19.1: Distribution of Results for Multiple Trials with Two Possible Outcomes

Suppose that we have two coins, one minted in 2001 and one minted in 2002. Let the probabilities of getting a head and a tail in a toss of the 2001 coin be \(P_{H,1}\) and \(P_{T,1}\), respectively. We assume that these outcomes exhaust the possibilities. From the laws of probability, we have: \(1=\left(P_{H,1}+P_{T,1}\right)\). For the 2002 coin, we have \(1=\left(P_{H,2}+P_{T,2}\right)\). The product of these two probabilities must also be unity. Expanding this product gives

\[ \begin{align*} 1 &=\left(P_{H,1}+P_{T,1}\right)\left(P_{H,2}+P_{T,2}\right) \\[4pt] &=P_{H,1}P_{H,2}+P_{H,1}P_{T,2}+P_{T,1}P_{H,2}+P_{T,1}P_{T,2} \end{align*} \nonumber \]

This equation represents the probability of a trial in which we toss the 2001 coin first and the 2002 coin second. The individual terms are the probabilities of the possible outcomes of such a trial. It is convenient to give a name to this latter representation of the product; we will call it the expanded representation of the total probability sum.

Our procedure for multiplying two binomials generates a sum of four terms. Each term contains two factors. The first factor comes from the first binomial; the second term comes from the second binomial. Each of the four terms corresponds to a combination of an outcome from tossing the 2001 coin and an outcome from tossing the 2002 coin. Conversely, every possible combination of outcomes from tossing the two coins is represented in the sum. \(P_{H,1}P_{H,2}\) represents the probability of getting a head from tossing the 2001 coin and a head from tossing the 2002 coin. \(P_{H,1}P_{T,2}\) represents the probability of getting a head from tossing the 2001 coin and a tail from tossing the 2002 coin, etc. In short, there is a one-to-one correspondence between the terms in this sum and the possible combinations of the outcomes of tossing these two coins.

This analysis depends on our ability to tell the two coins apart. For this, the mint date is sufficient. If we toss the two coins simultaneously, the four possible outcomes remain the same. Moreover, if we distinguish the result of a first toss from the result of a second toss, etc., we can generate the same outcomes by using a single coin. If we use a single coin, we can represent the possible outcomes from two tosses by the ordered sequences \(HH\), \(HT\), \(TH\), and \(TT\), where the first symbol in each sequence is the result of the first toss and the second symbol is the result of the second toss. The ordered sequences \(HT\) and \(TH\) differ only in the order in which the symbols appear. We call such ordered sequences permutations.

Now let us consider a new problem.

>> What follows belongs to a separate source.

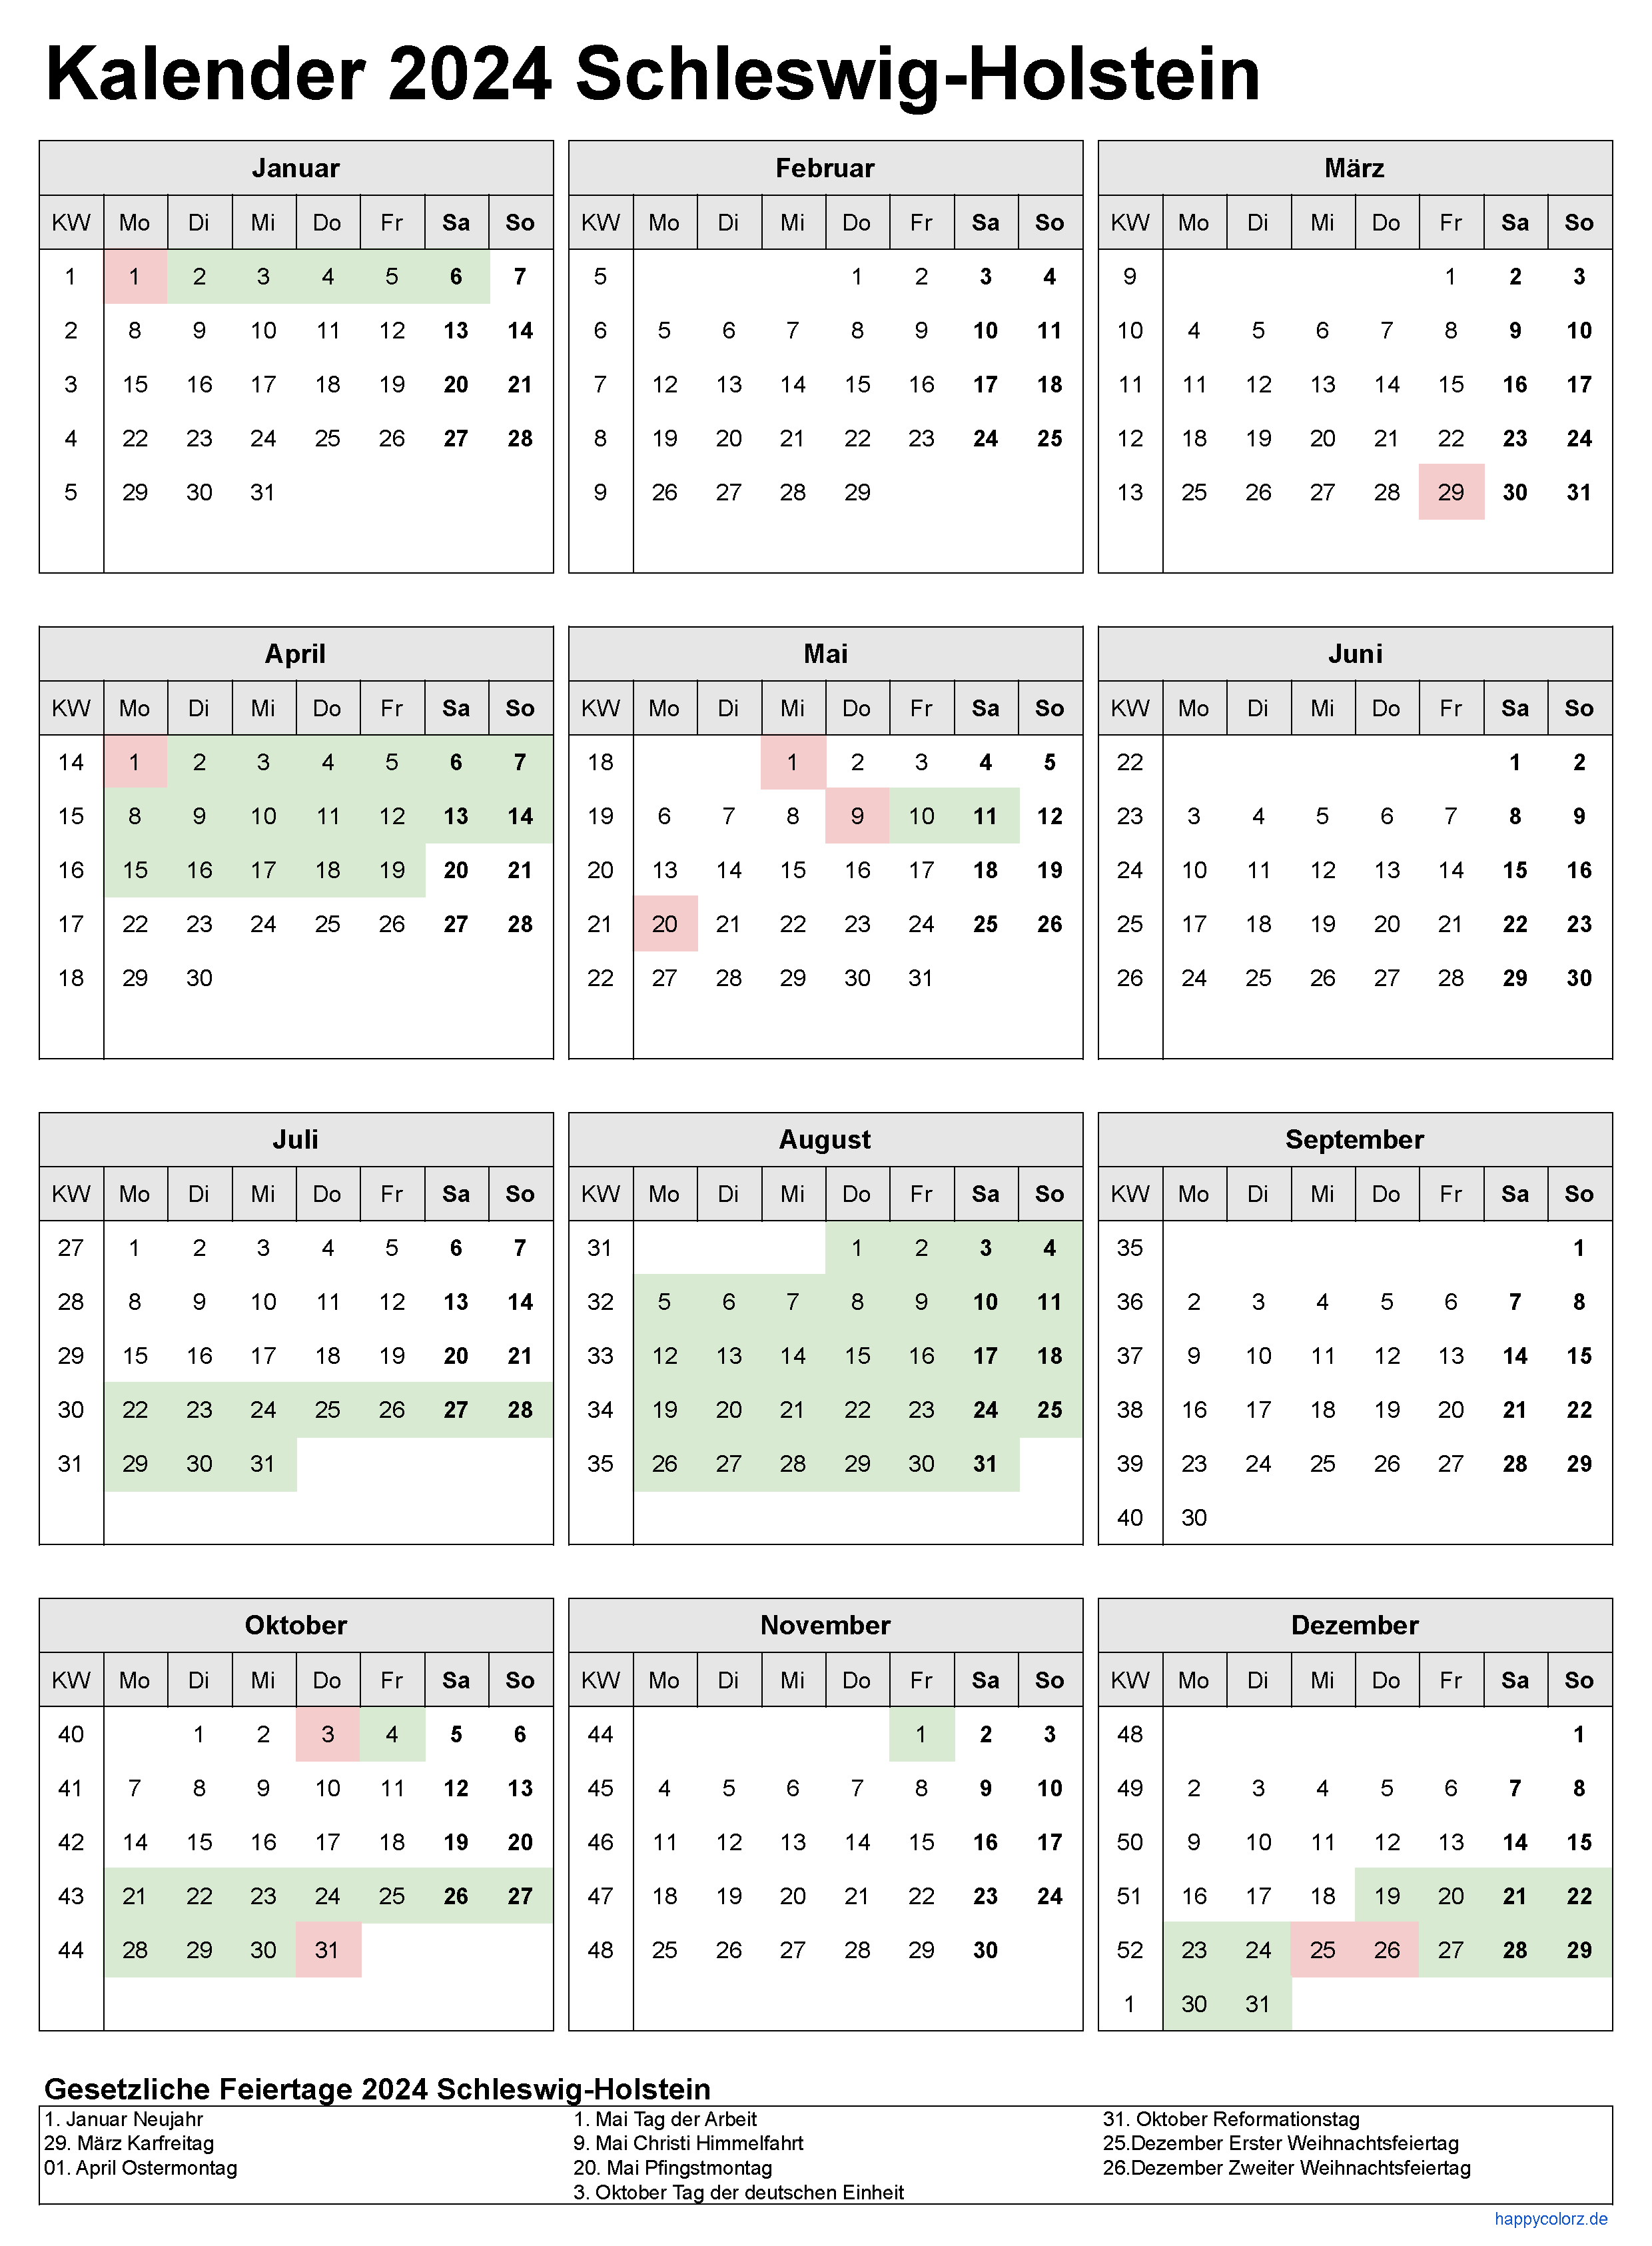 Kalender 2024 Schleswig-Holstein zum Ausdrucken

Suppose that we have two coin-like slugs that we can tell apart because we have scratched a “\(1\)” onto the surface of one and a “\(2\)” onto the surface of the other. Suppose that we also have two cups, one marked “\(H\)” and the other marked “\(T\).” We want to figure out how many different ways we can put the two slugs into the two cups. We can also describe this as the problem of finding the number of ways we can assign two distinguishable slugs (objects) to two different cups (categories). There are four such ways: Cup \(H\) contains slugs \(1\) and \(2\); Cup \(H\) contains slug \(1\) and Cup \(T\) contains slug \(2\); Cup \(H\) contains slug \(2\) and Cup \(T\) contains slug \(1\); Cup \(T\) contains slugs \(1\) and\(\ 2\).

We note that, given all of the ordered sequences for tossing two coins, we can immediately generate all of the ways that two distinguishable objects (numbered slugs) can be assigned to two categories (Cups \(H\) and \(T\)). For each ordered sequence, we assign the first object to the category corresponding to the first symbol in the sequence, and we assign the second object to the category corresponding to the second symbol in the sequence.

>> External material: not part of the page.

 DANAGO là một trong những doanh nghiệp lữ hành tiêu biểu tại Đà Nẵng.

In short, there are one-to-one correspondences between the sequences of probability factors in the total probability sum, the possible outcomes from tossing two distinguishable coins, the possible sequences of outcomes from two tosses of a single coin, and the number of ways we can assign two distinguishable objects to two categories. (See Table 1.)

If the probability of tossing a head is constant, we have \(P_{H,1}=P_{H,2}=P_H\) and \(P_{T,1}=P_{T,2}=P_T\). Note that we are not assuming \(P_H=P_T\). If we do not care about the order in which the heads and tails appear, we can simplify our equation for the product of probabilities to

\[1=P^2_H+2P_HP_T+P^2_T \nonumber \]

\(P^2_H\) is the probability of tossing two heads, \(P_HP_T\) is the probability of tossing one head and one tail, and \(P^2_T\) is the probability of tossing two tails. We must multiply the \(P_HP_T\)-term by two, because there are two two-coin outcomes and correspondingly two combinations, \(P_{H,1}P_{T,2}\) and \(P_{T,1}P_{H,2}\), that have the same probability, \(P_HP_T\). Completely equivalently, we can say that the reason for multiplying the \(P_HP_T\)-term by two is that there are two permutations, \(HT\) and \(TH\), which correspond to one head and one tail in successive tosses of a single coin.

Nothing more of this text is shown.